Als nächstes bewerteten wir die Toleranz von iSpyMac gegenüber nicht übereinstimmenden Sequenzen, indem wir sgRNAs einsetzten, die doppelte oder einzelne Nicht Übereinstimmungen mit einem festen Protospacer innerhalb des AAVS-Gens enthielten und eine PAM-Sequenz von 5\(^{\prime}\) – GAAG-3\(^{\prime}\) besaßen. iSpyMac demonstrierte Bearbeitungsfunktionen für Ziele mit einzelnen Nichtübereinstimmungen innerhalb des PAM-proximalen Segments der sgRNA., Um diese vermeintliche Off-Target-Neigung zu mildern, haben wir die R691A-Mutation eingeführt, die zuvor über bakterielle Selektion für SpyCas9 isoliert wurde, um eine hohe On-Target-Aktivität aufrechtzuerhalten und gleichzeitig die Off-Target-Editing35 zu reduzieren.

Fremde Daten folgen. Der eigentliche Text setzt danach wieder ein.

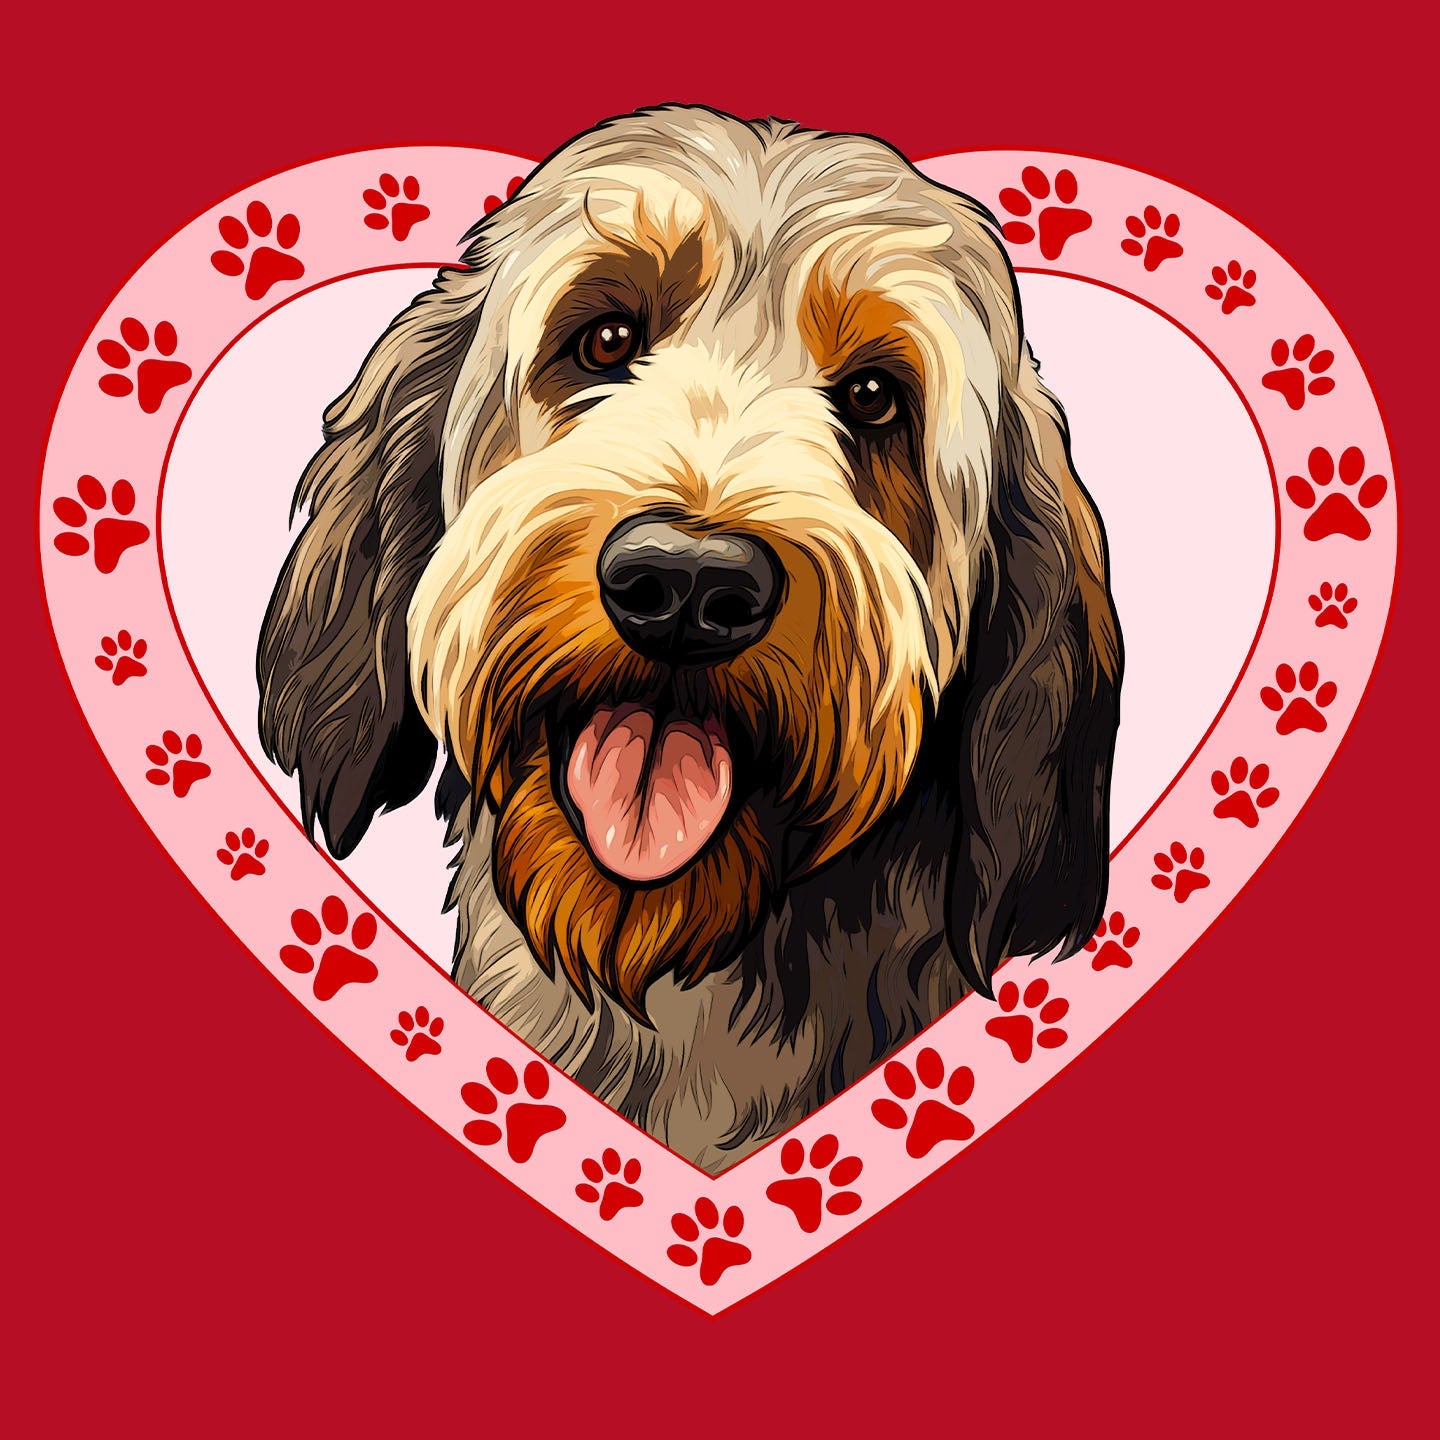 Otterhound Illustration In Heart - Women's V-Neck T-Shirt

Unsere High-Fidelity-Variante, HiFi-iSpyMac, zeigte im Vergleich zum ursprünglichen Enzym eine nahezu vernachlässigbare Aktivität bei nicht übereinstimmenden Sequenzen mit minimalem Verlust der On-Target-Aktivität (Abb. 3b).,

Zuletzt wählten wir ein Fenster mit vier Nukleotiden im VEGFA-Locus in einem Sequenzkontext so aus, dass jede andere CRISPR-Endonuklease mit gemeldeter Verwendung für die Basenbearbeitung ihre Basenbearbeitung mit einem Cytidin-Deaminase-verschmolzenen Enzym nicht erlaubt36. Dementsprechend haben wir HEK293T-Zellen mit einer Nickase-Form von iSpyMac übertragen, die von der zuvor berichteten BE3-Architektur für die Cytosinbaseneditierung (iSpyMac-BE3) abgeleitet ist, und das sgRNA-Plasmid, das auf eine PAM stromabwärts der ausgewählten Nukleotide abzielt5., Wir haben effektive Basen-Editing-Spiegel in geernteten Zellen gemessen, die über 20% Cytosin-Thymin-Umwandlung an diesen Positionen über NGS-Analyse zeigten (Abb. 3c).